By the way, these variants are SUPER tiny parts of the entire DNA. It’s like changing the font on one word in one book in an entire library.

So there isn’t any “African” or “European” DNA. It’s all human DNA, its just that if you look closely, you can find the book with the italicized word for Ostrich and then you can reasonably conclude that the library of books came from the same region as the other libraries that have the italicized word for Ostrich in it.

Anonymous 0 Comments

When people say their DNA is traced to a geography (“I have Irish DNA”) it means something extremely specific. There are genetic markers called haplogroups that are inherited directly from one parent.

From time to time mutations in a haplogroup will arise. This mutation will be inherited by all decedents, meaning that a distinct haplogroup corresponds to a distinct maternal or paternal lineage where one parent was the first human to have the mutation. Every human who carries the mutation is a direct descendant on either the maternal or paternal line of the first person to carry the mutation.

If a DNA test says you are genetically Irish, what they mean by that is that you carry a specific mutation, likely [this specific mutation](https://en.wikipedia.org/wiki/Haplogroup_R-L21). Everyone with that mutation can be traced in a direct line to a single parent possibly around 4,500 years ago and this specific mutation is most prevalent among Celtic peoples and not particularly prevalent outside of Celtic/Irish populations.

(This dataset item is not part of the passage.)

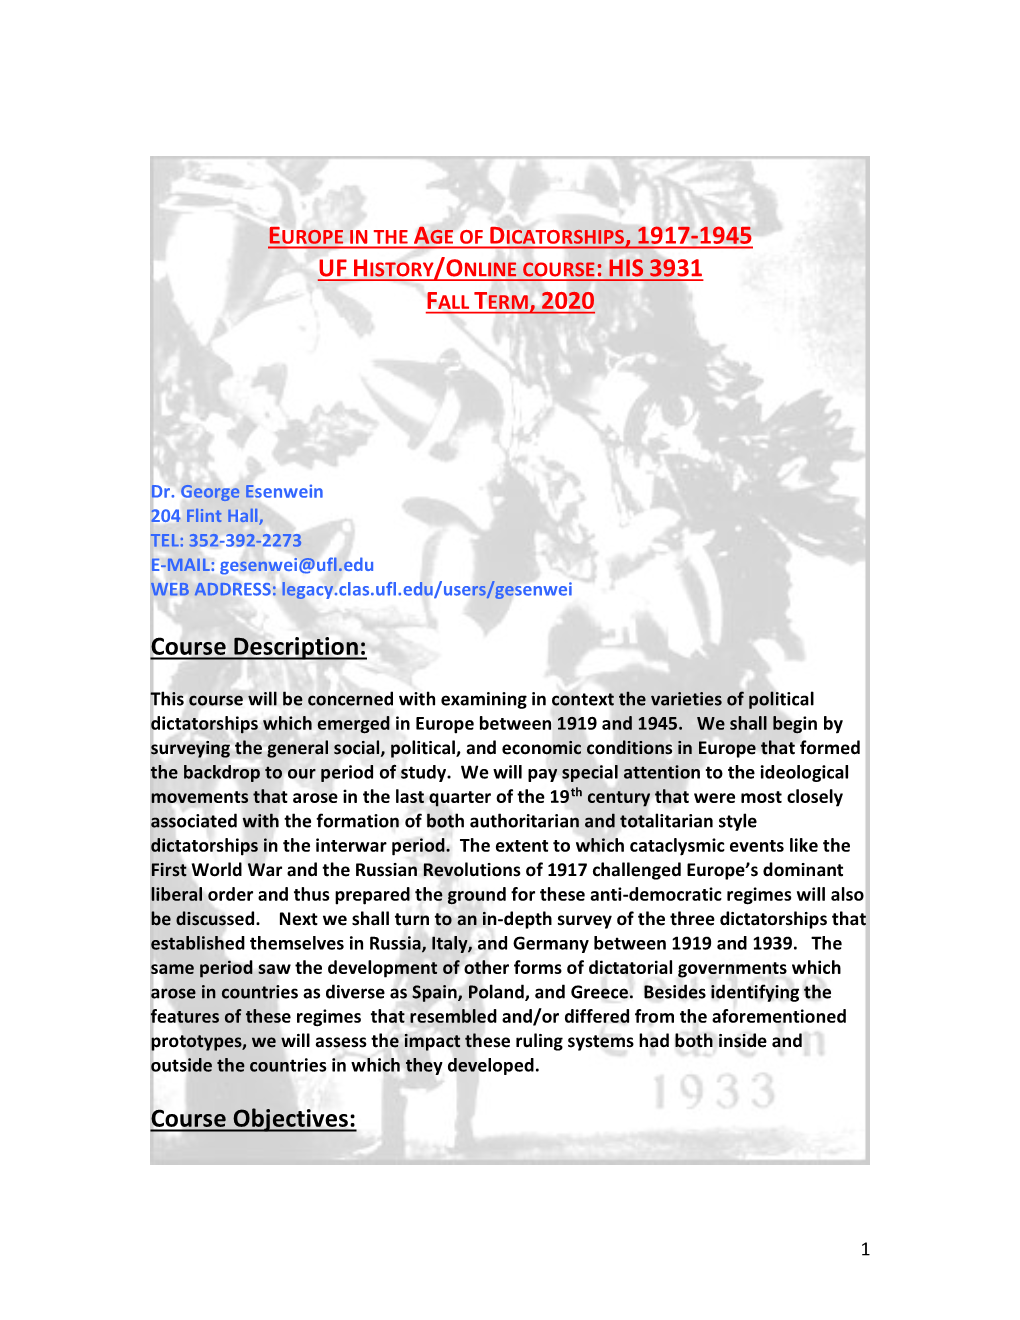 Europe in the Age of Dicatorships, 1917-1945 Uf History/Online Course: His 3931 Fall Term, 2020

Don’t read too much into this though. Not everyone in Ireland will have this mutation and there will be people of many different ethnicities who have this mutation. You could carry this mutation and be a Chinese person and not have any record of Irish ancestry. This mutation just means that your direct paternal lineage traces back to a single ancestor in Europe sometime in the Bronze Age. It doesn’t say anything at all about the thousands and thousands of other ancestors you have.

Anonymous 0 Comments

Change how you’re framing the thought. It’s 100% human DNA. But DNA undergoes mutation so there are small variants among every single human who isn’t a twin.